Mizan News Agency
- Type: News agency
- Founded: 2014
- Headquarters: Iran
- Key people: Mehdi Keshdar (CEO)
- Website: mizanonline.ir

= Mizan News Agency =

Iranian news agency

Mizan News Agency (خبرگزاری میزان) is the official news agency of the Iranian judiciary.

==History and management==
Mizan News Agency began operations in August 2014. The CEO since 2015 has been Mehdi Keshdar.

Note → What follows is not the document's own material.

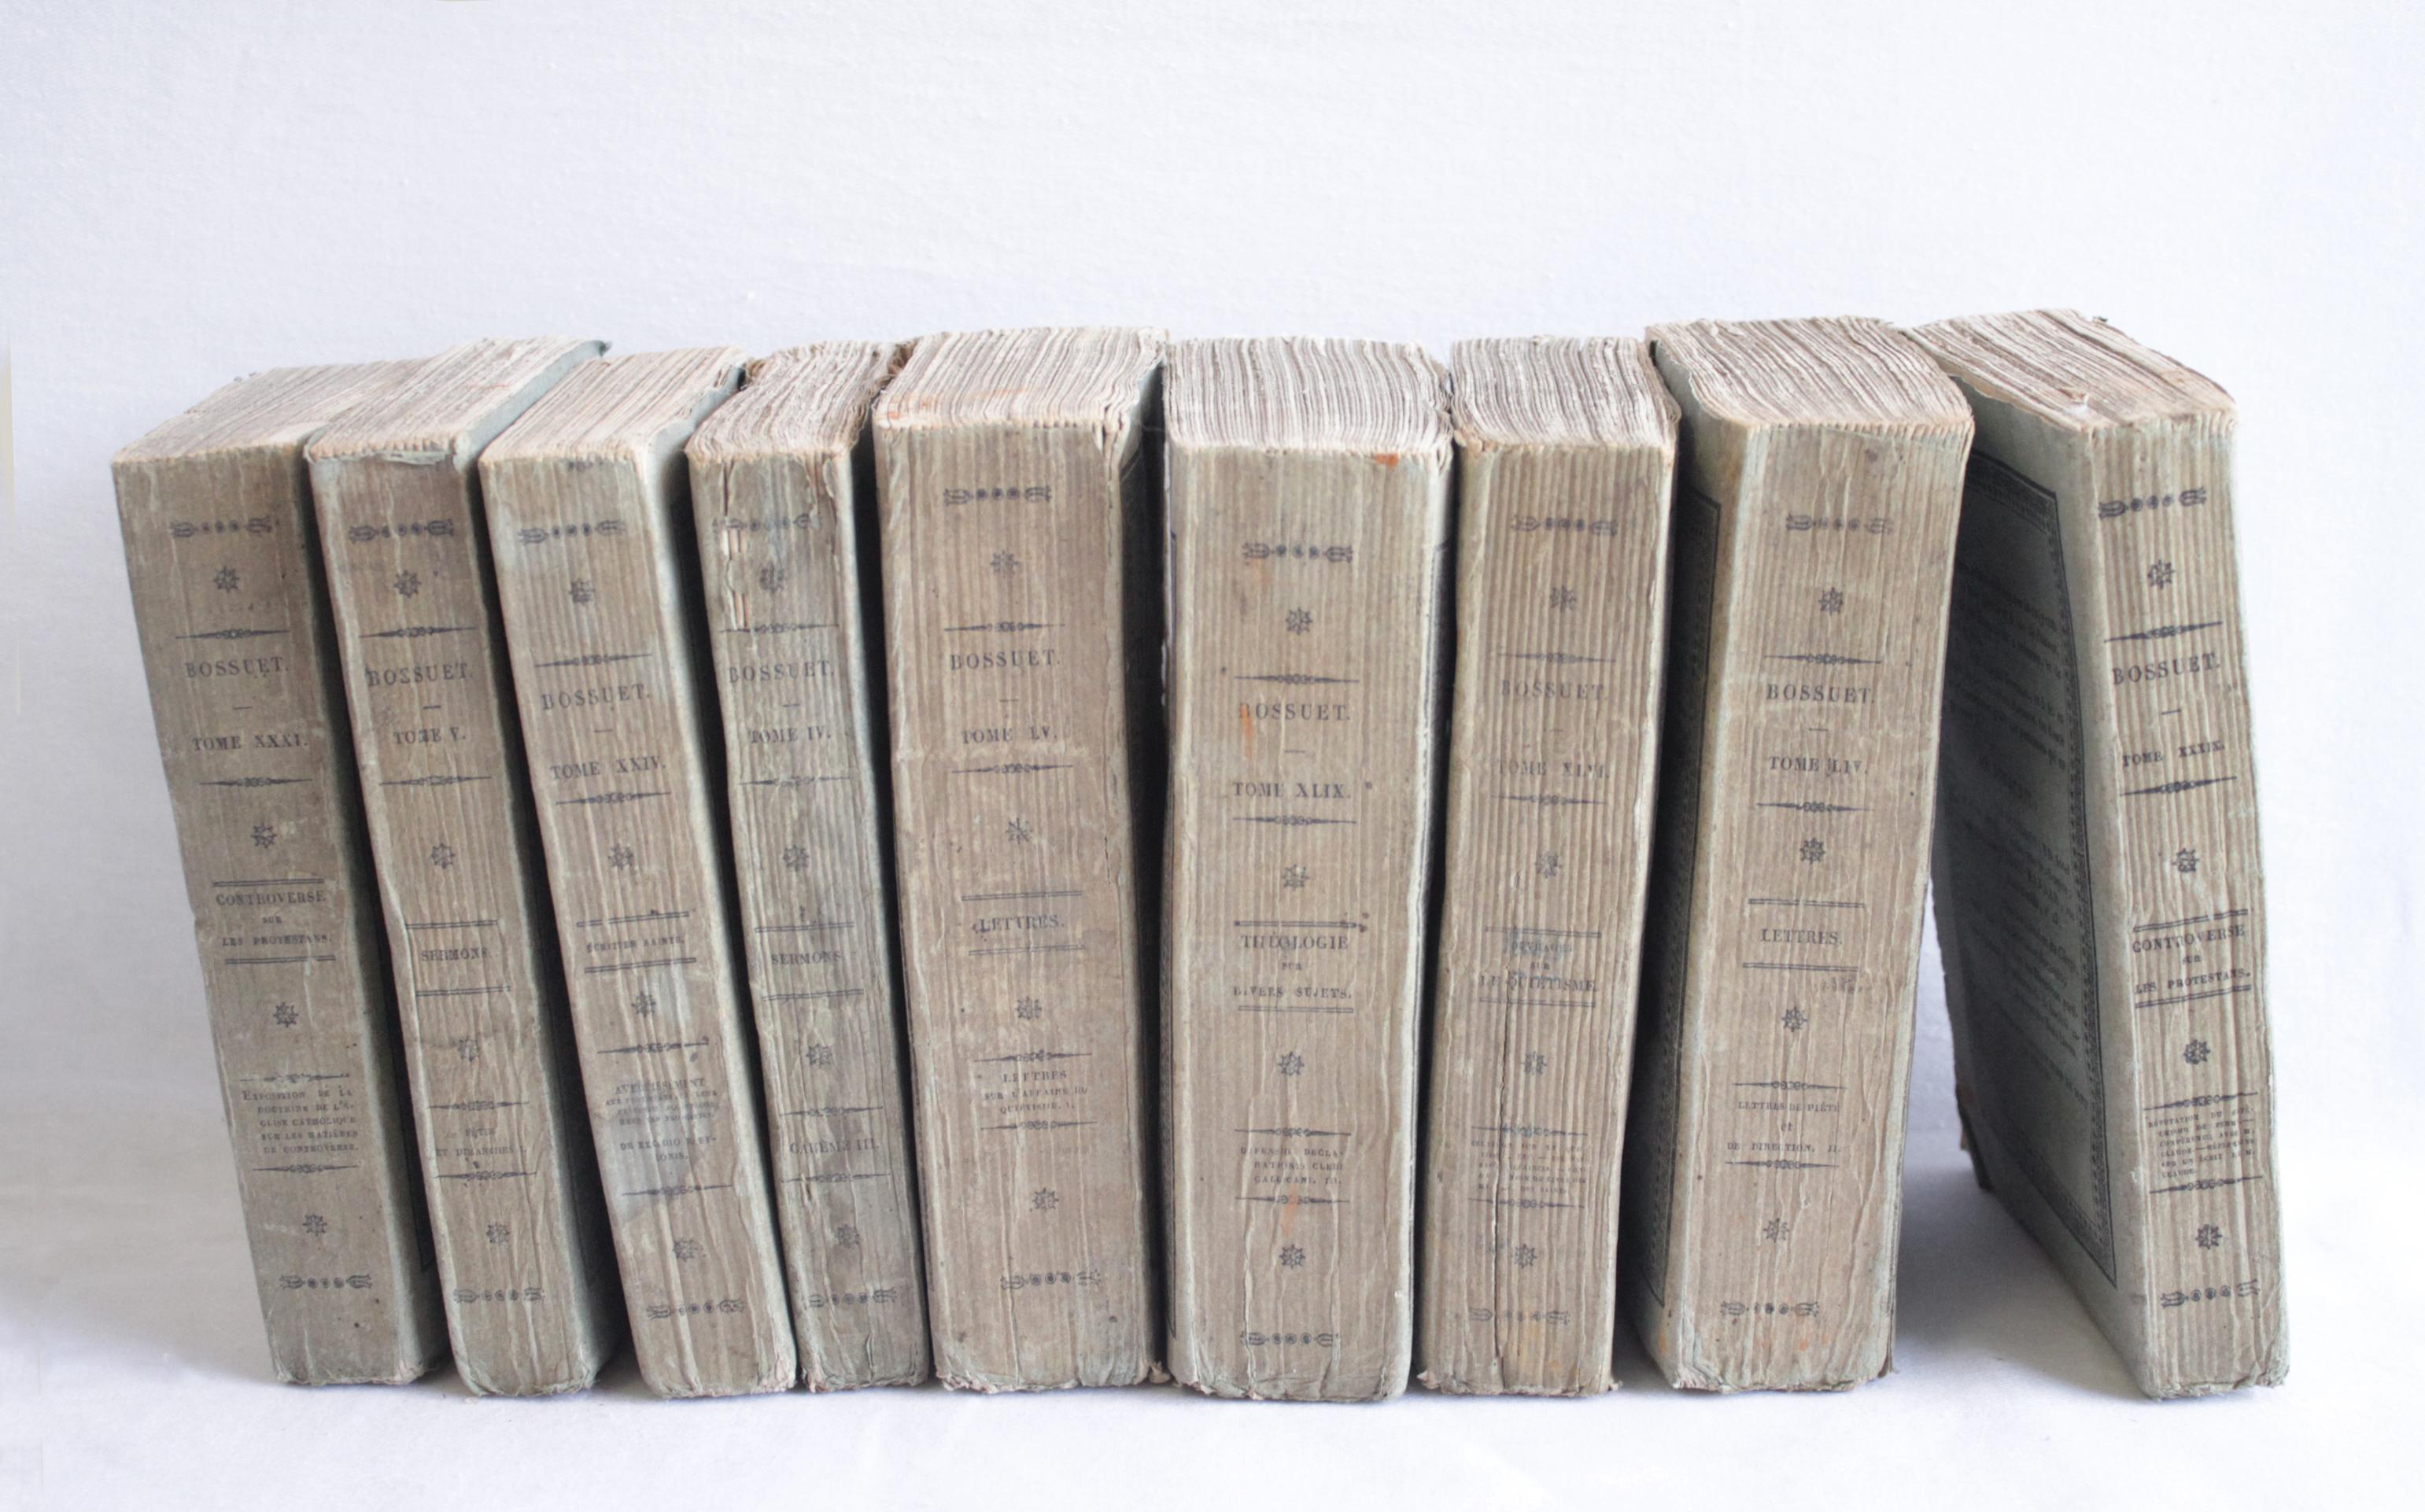 European Set of 9 Antique Paper Bound Books Oeuvres de Bossuet
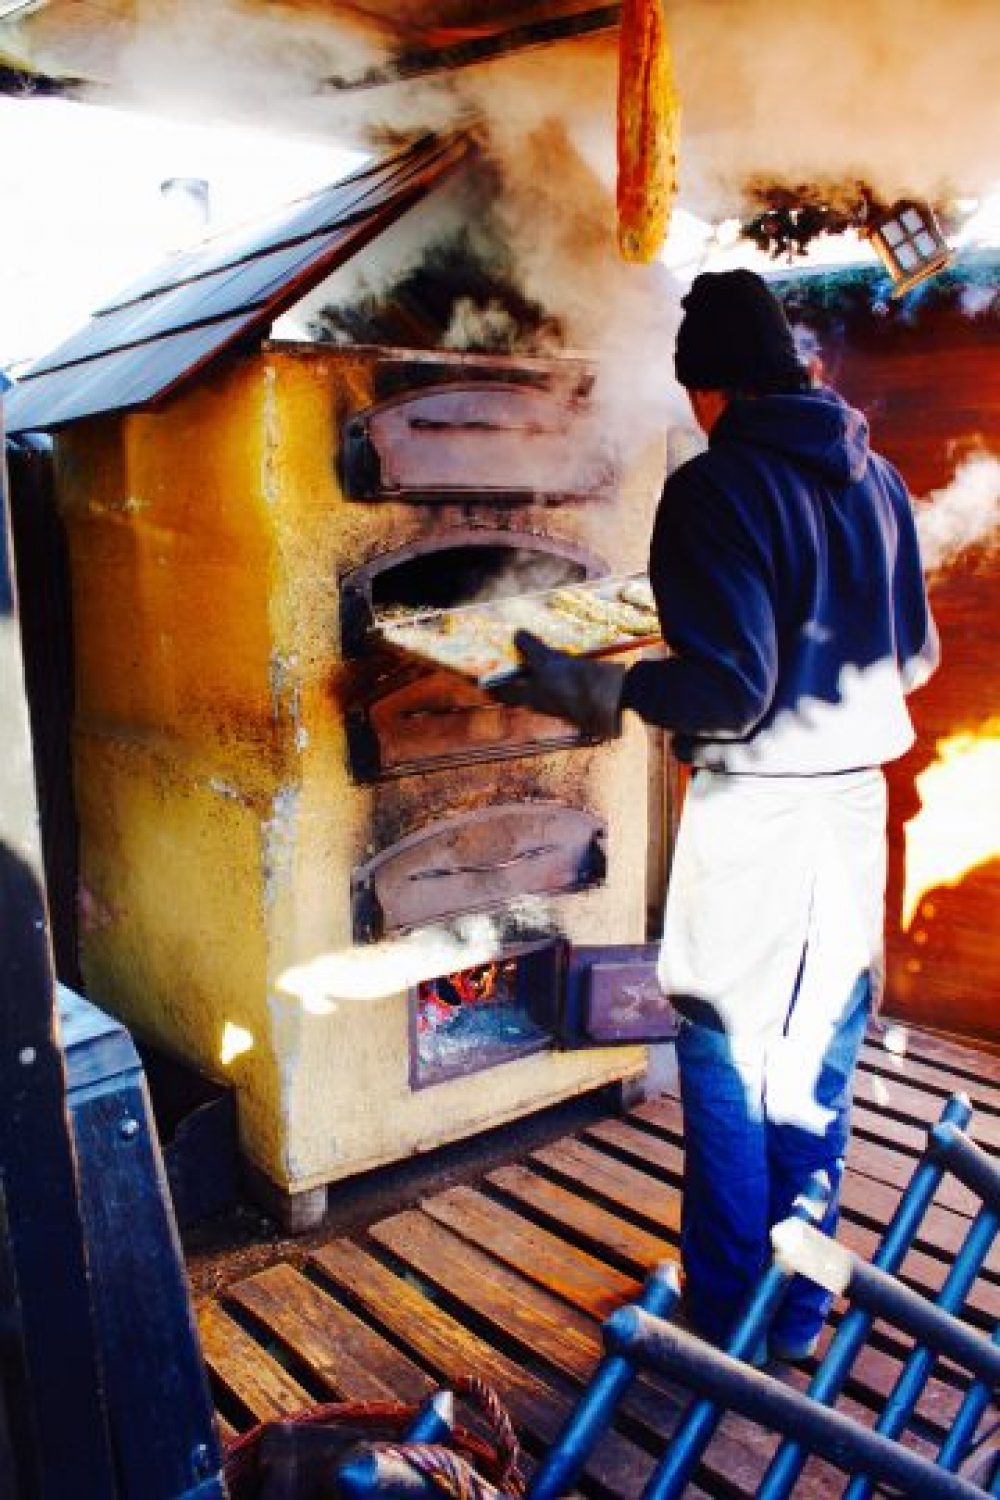 Flammkuchen wooden ovens

In February 2023, the X social network blocked Mizan News Agency's account due to multiple violations of rules regarding the spreading of hate.

==Content==
Mizan News Agency specializes in news about judiciary-related topics, such as criminal proceedings, and also publishes general domestic and international news. IranWire in 2022 described one of its main functions as responding to criticisms about the judiciary and prison conditions. In May 2026, BBC Persian described its coverage of executions of protesters as "fraught with ambiguities and questions about the court process", and noted a consistent pattern of framing the cases in national security terms.

In 2018, Mizan News Agency published an article threatening BBC Persian journalists that they will "get what they deserve" for being "divisive" and "misrepresenting history", which the BBC condemned as a "significant escalation of the threats made against named BBC Persian staff".